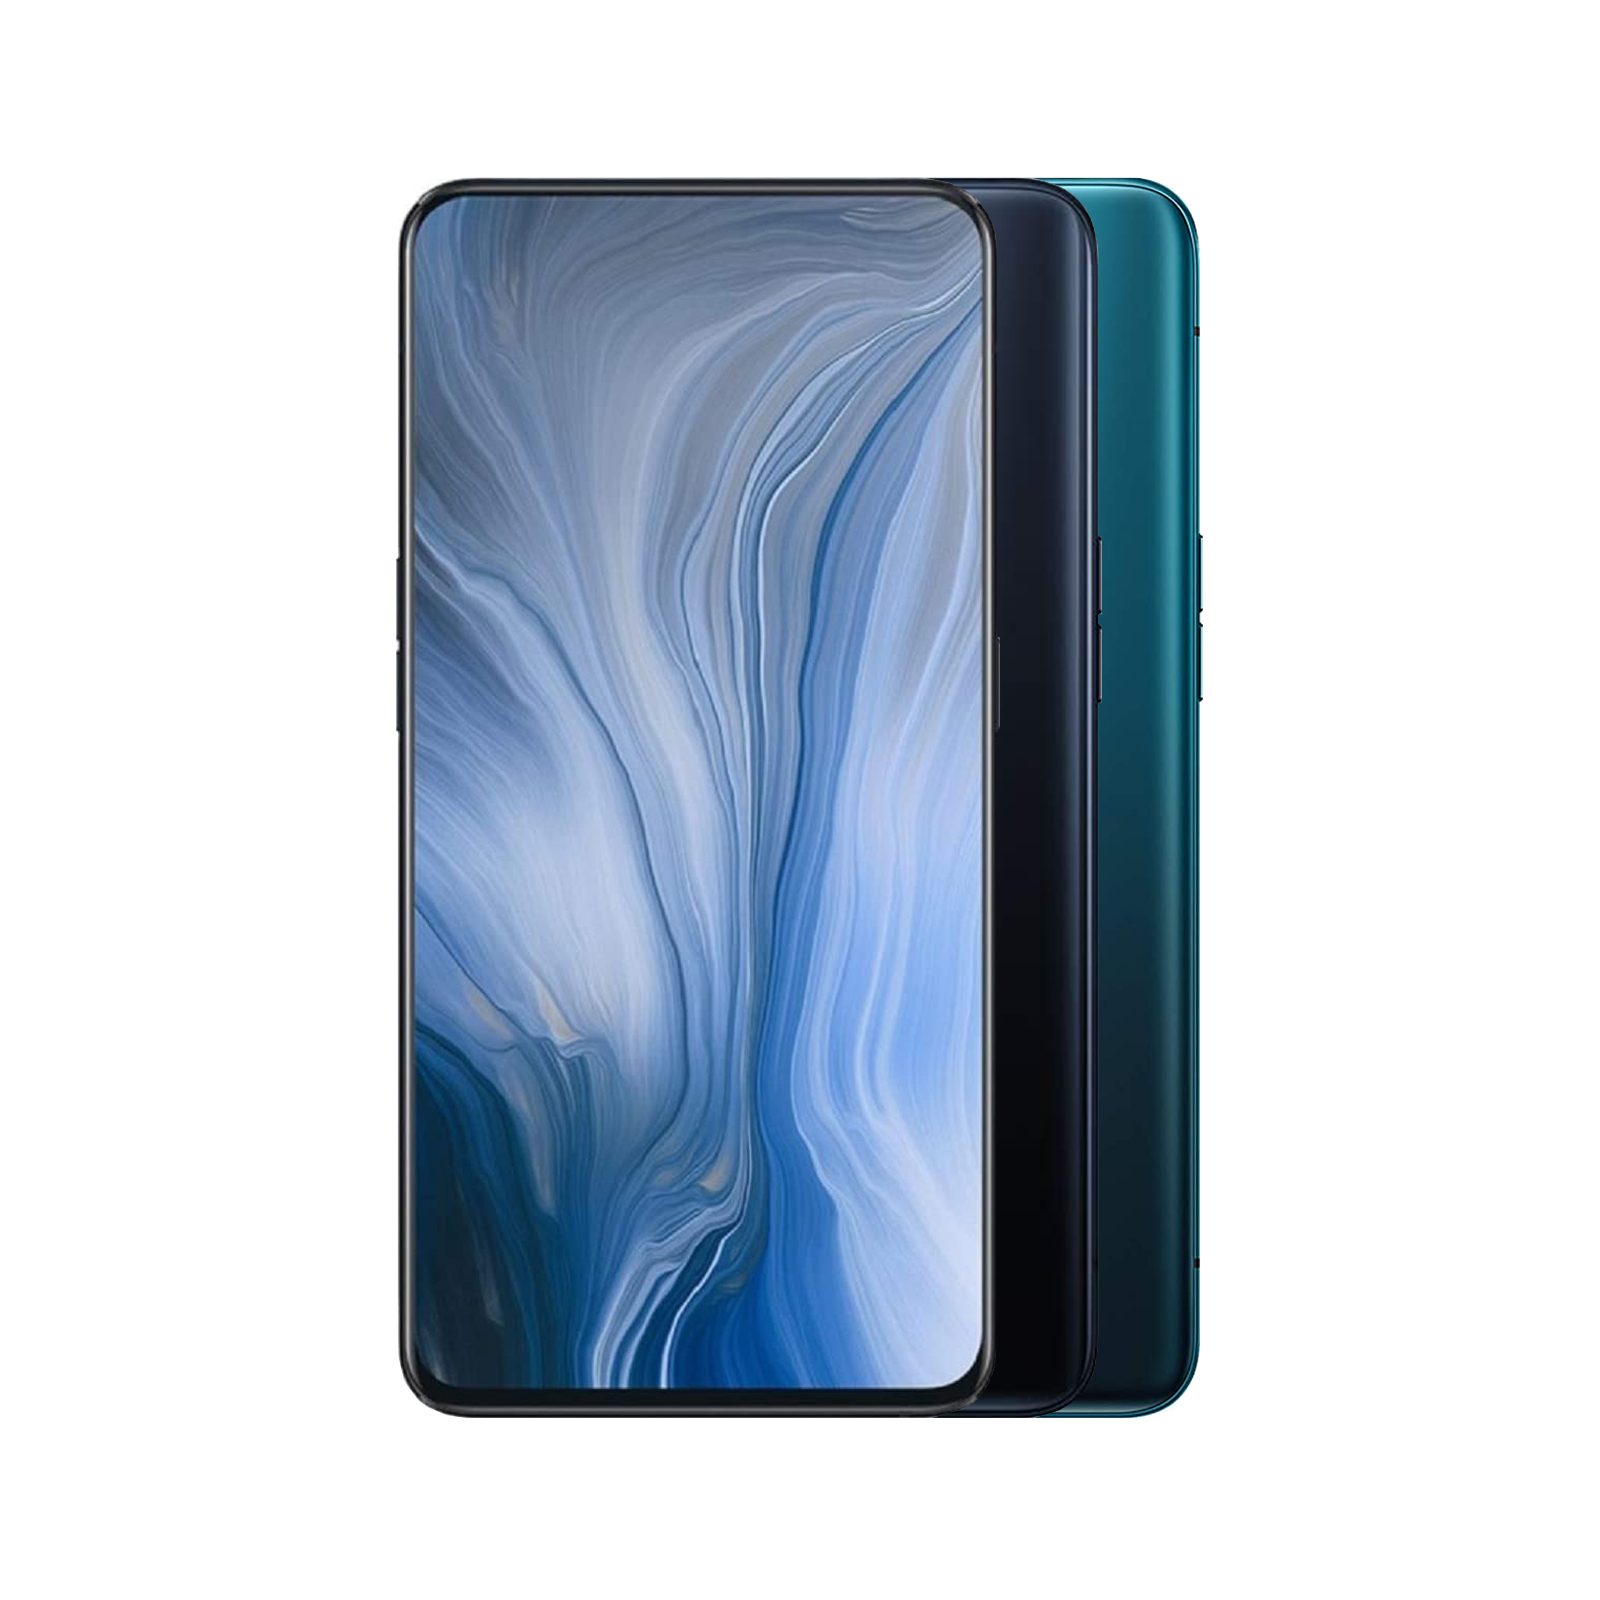 Oppo Reno 5G - New Never Used
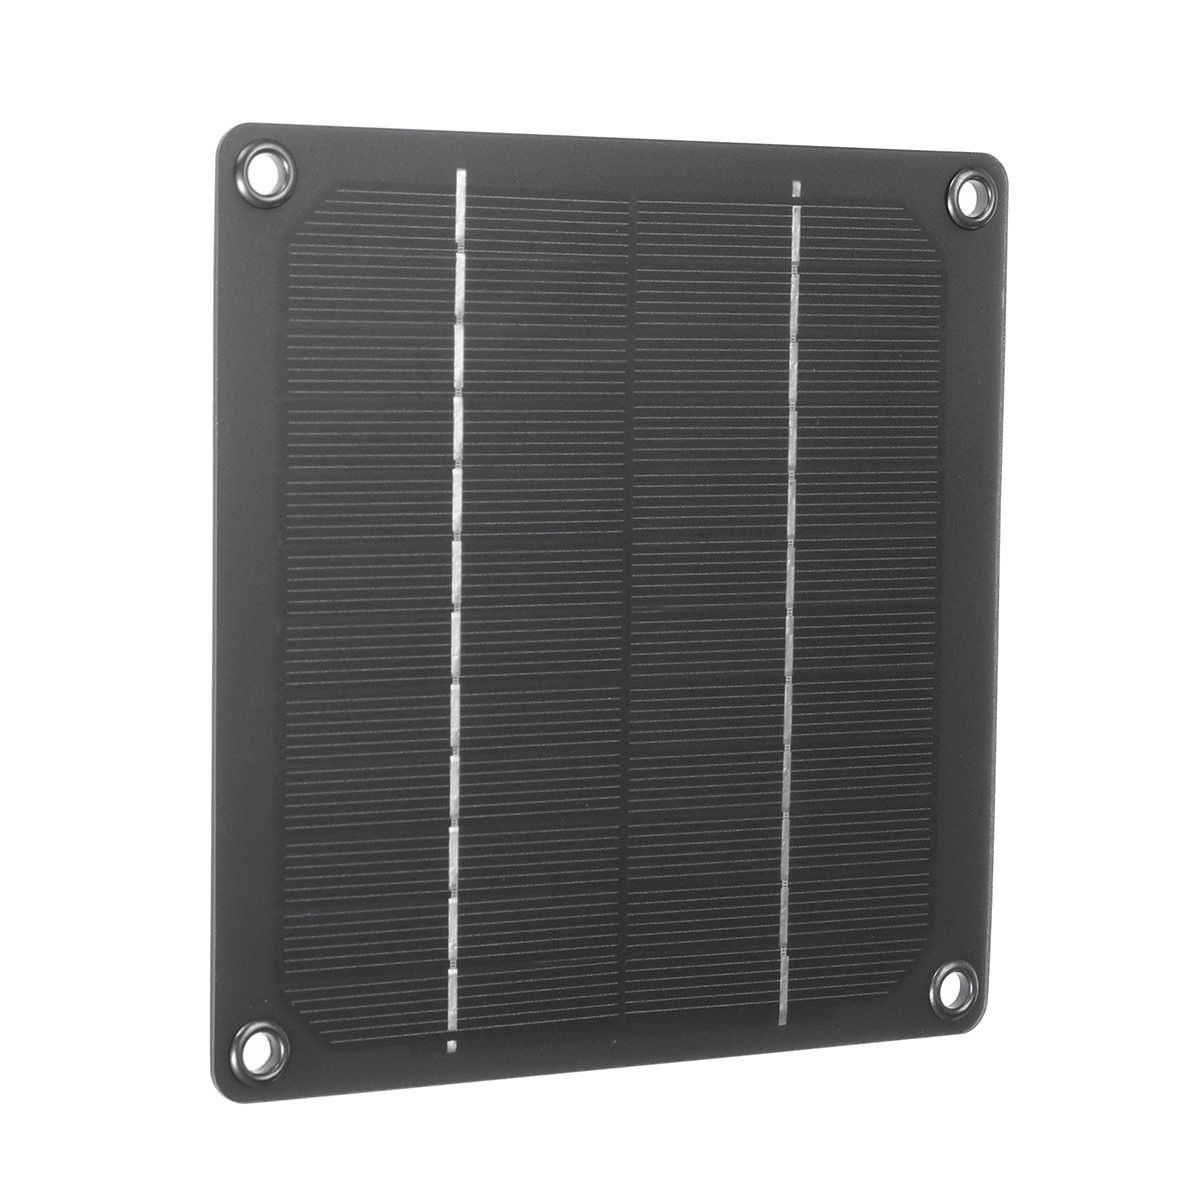 5W-Outdoor-Solar-Powered-Panel-Exhaust-Roof-Attic-Fan-For-Air-Ventilation-Vent-1919375-4
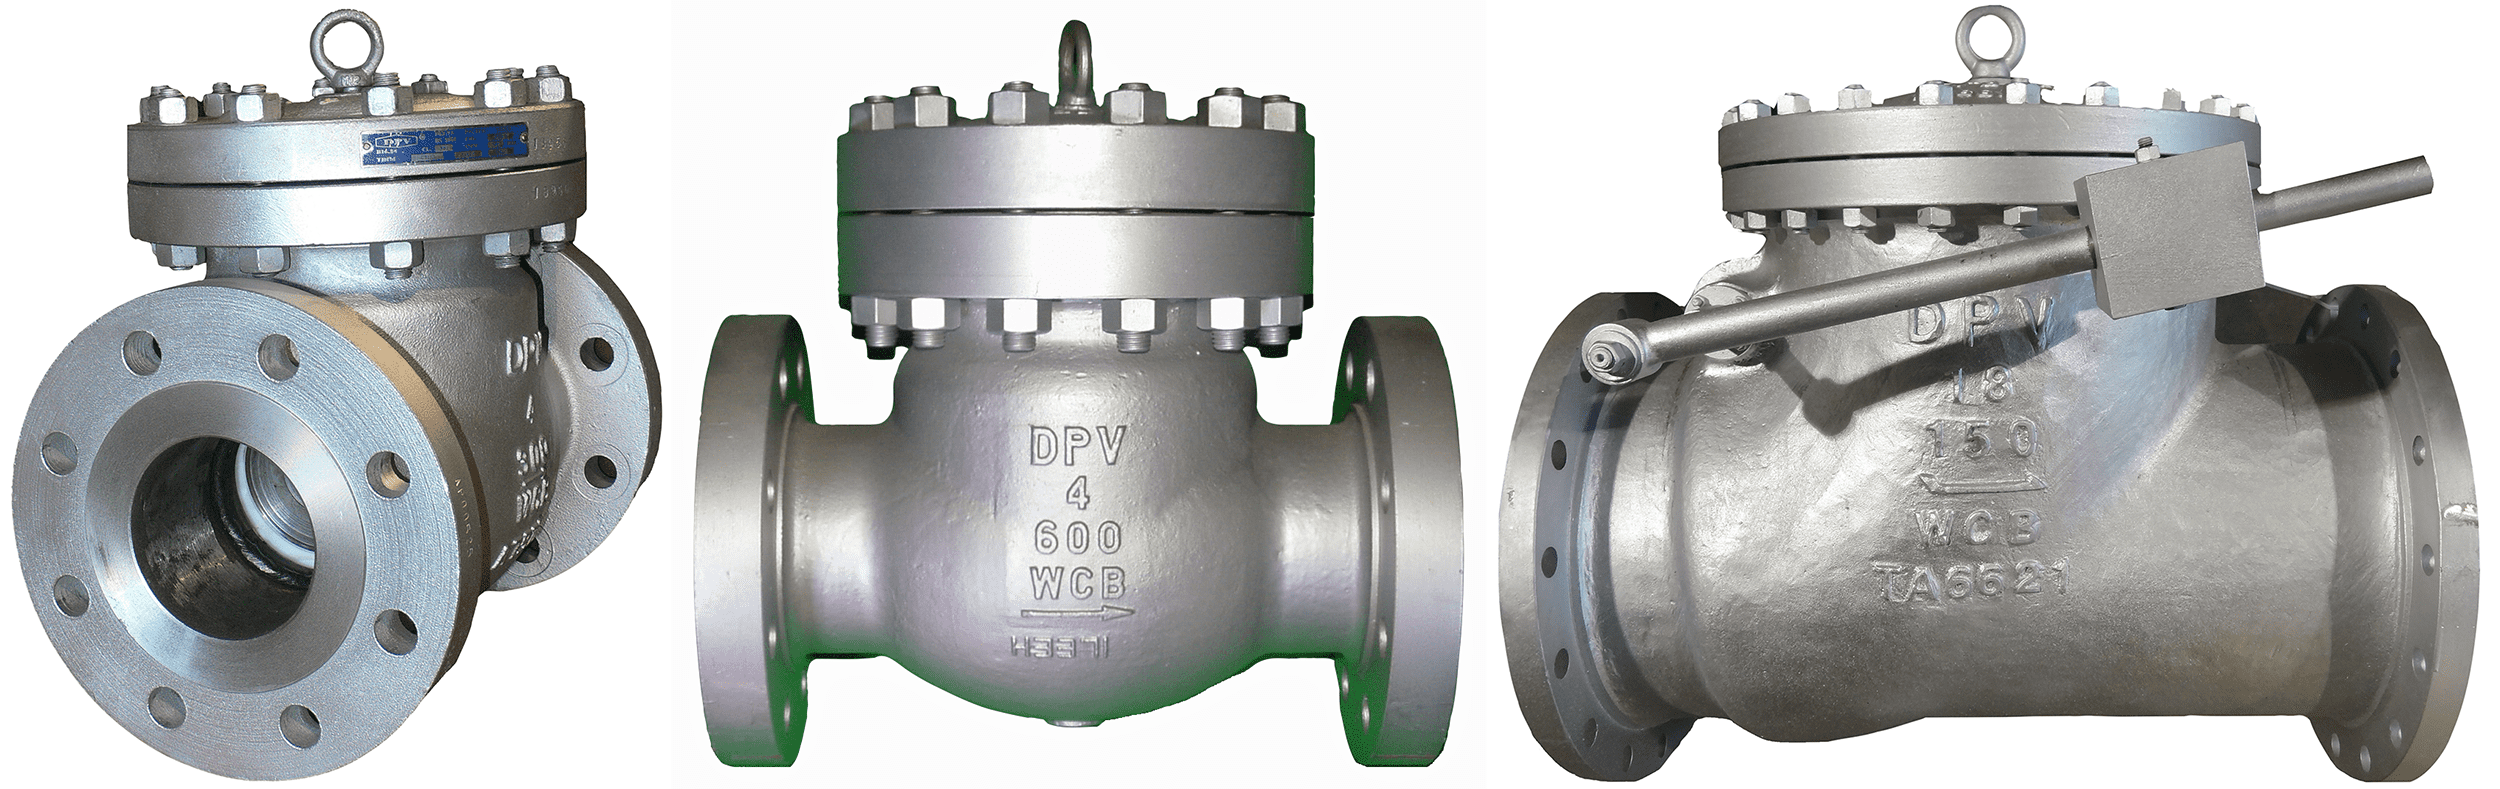 DPV® API 6D Swing Check Valves, Bolted Cover, Regular and Full-opening Types
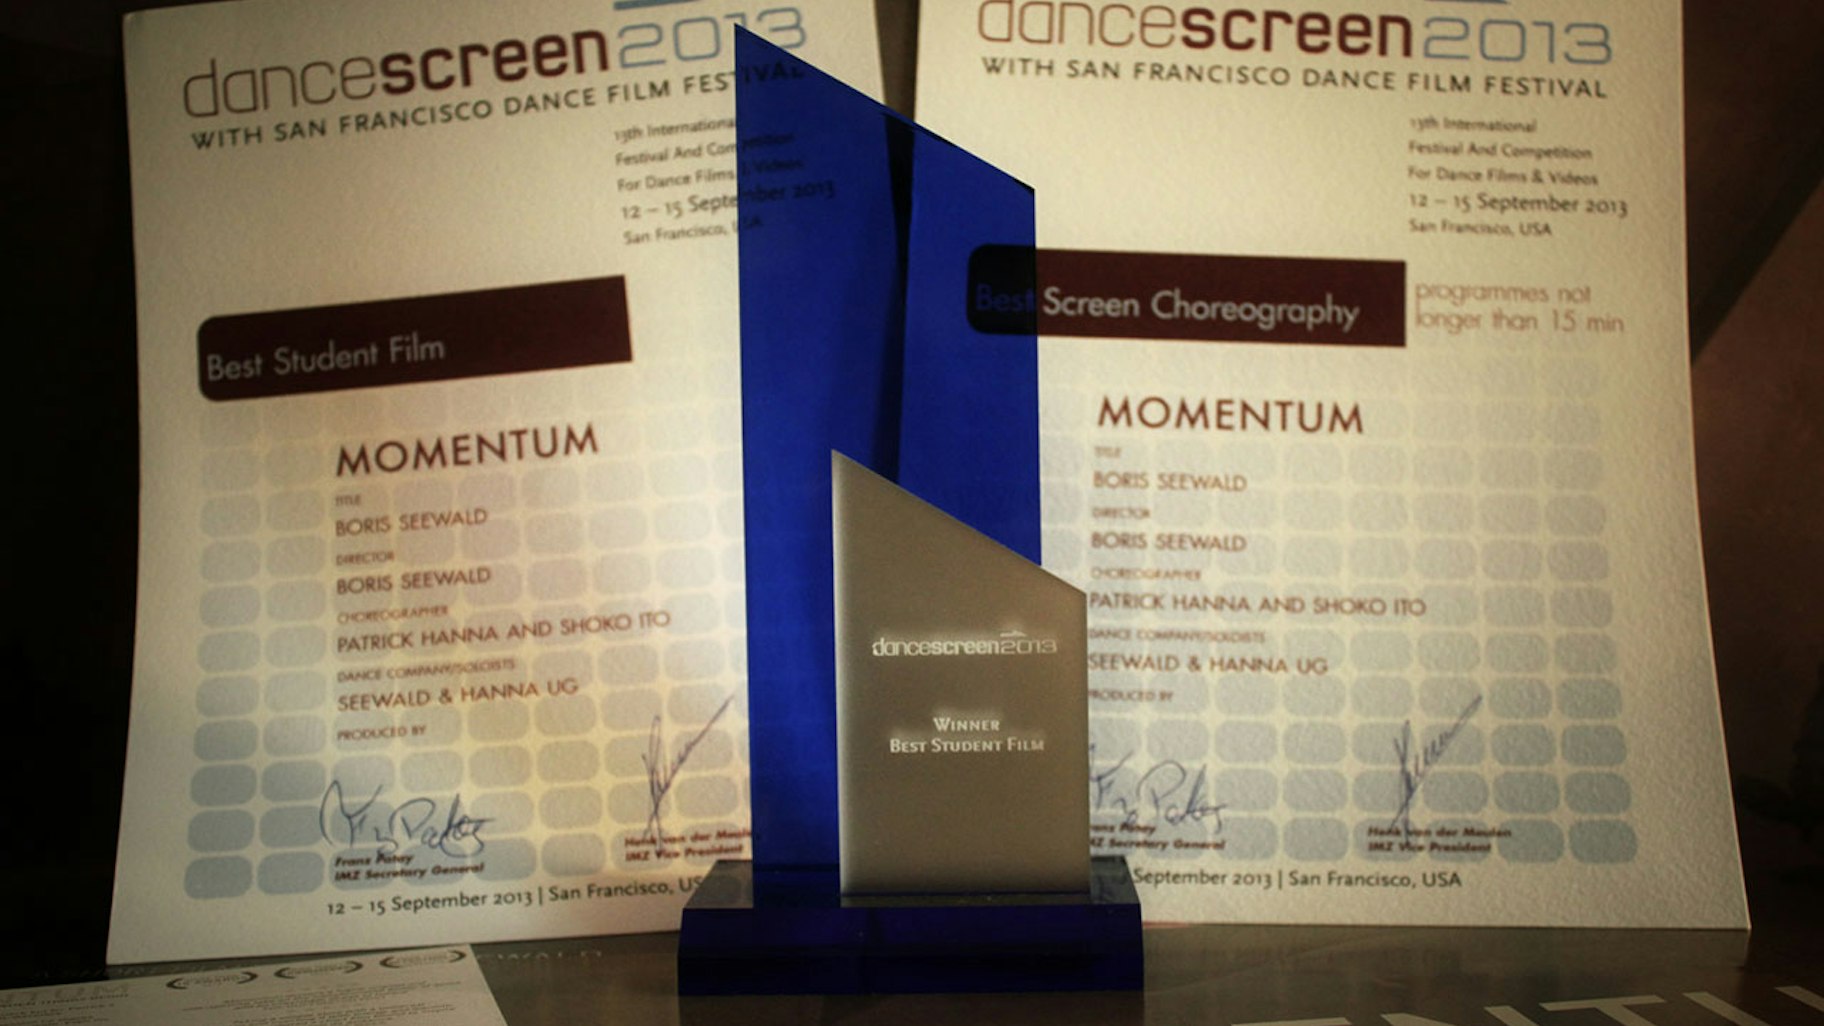 Momentum - Two Awards at the San Francisco Dance Film Festival

> [Work item]:
Please output all of the data exactly as given, omitting any images it holds.

> [Written response]:
 Oppo Reno 5G - New Never Used
 5W-Outdoor-Solar-Powered-Panel-Exhaust-Roof-Attic-Fan-For-Air-Ventilation-Vent-1919375-4
 DPV® API 6D Swing Check Valves, Bolted Cover, Regular and Full-opening Types
 Momentum - Two Awards at the San Francisco Dance Film Festival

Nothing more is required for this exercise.